AKA Nikolai Ivanovich Novikov
Birthplace: Avdotin, Bronnitsky, Russia
Location of death: Bronnitsky, Russia
Cause of death: unspecified
Religion: Russian Orthodox
Race or Ethnicity: White
Occupation: Critic, Author
Executive summary: Early Russian critic, The Drone
In 1769, Catherine the Great established Russia's first-ever satirical journal, "Odds and Ends", notable as it indicated the autocrat's acceptance of some degree of criticism of society and the state, mostly unthinkable in Russia up to that point. Following her lead, Nikolai Novikov published a series of short-lived journals in a similar vein, including "The Drone" (1769-70), "The Painter", and "The Babbler", which poked at society with frequent criticism of gallomania (worship of all things French, prevalent in Russia during the late 18th century).
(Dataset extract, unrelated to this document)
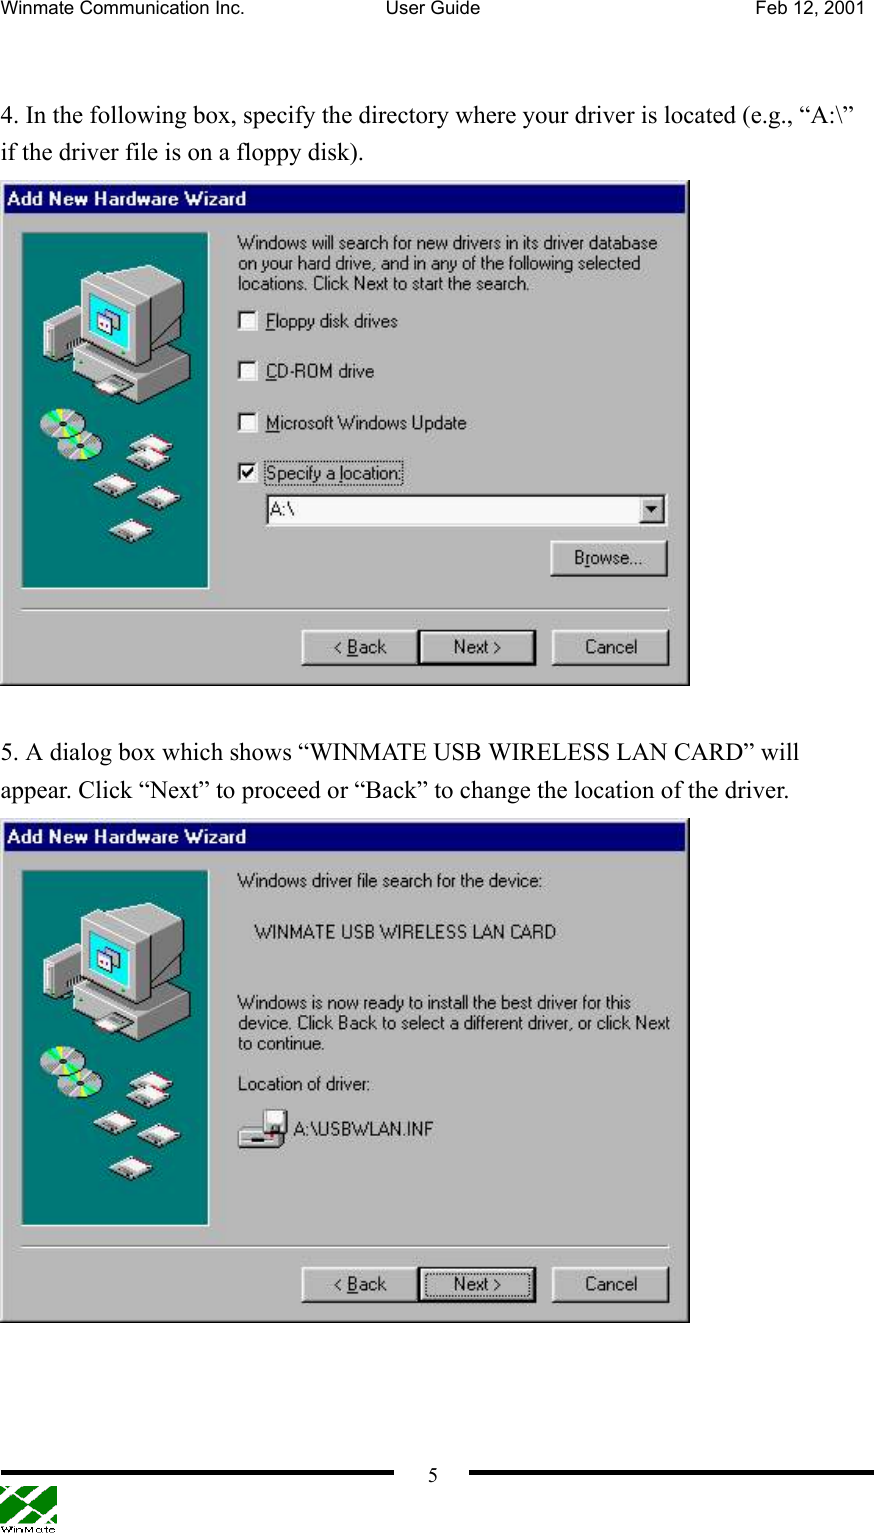 Winmate Communication Inc.  User Guide  Feb 12, 2001    5  4. In the following box, specify the directory where your driver is located (e.g., “A:\” if the driver file is on a floppy disk).   5. A dialog box which shows “WINMATE USB WIRELESS LAN CARD” will appear. Click “Next” to proceed or “Back” to change the location of the driver.

Novikov stopped publishing his satires following the bloody Pugachev rebellion in 1774.
Novikov served as a Russian emmisary to the Prussian court in the late 1770s, joining Freemasonry there and becoming actively involved in the society upon his return to Russia in 1779. Freemasonry was popular among the Moscow nobility, both for its mystical aspects and for its system of ethics and virtues; working to educate the nobility, Masons began the first large-scale publishing operation outside the government. Novikov was prominent in this effort, but ran afoul of the government's regulations on the publication of religious texts without permission of Orthodox church. In 1792, he was arrested and imprisoned on a 15 year sentence, only to be freed four years later when Catherine died and was succeeded by her son Paul, who attempted to reverse many of her policies.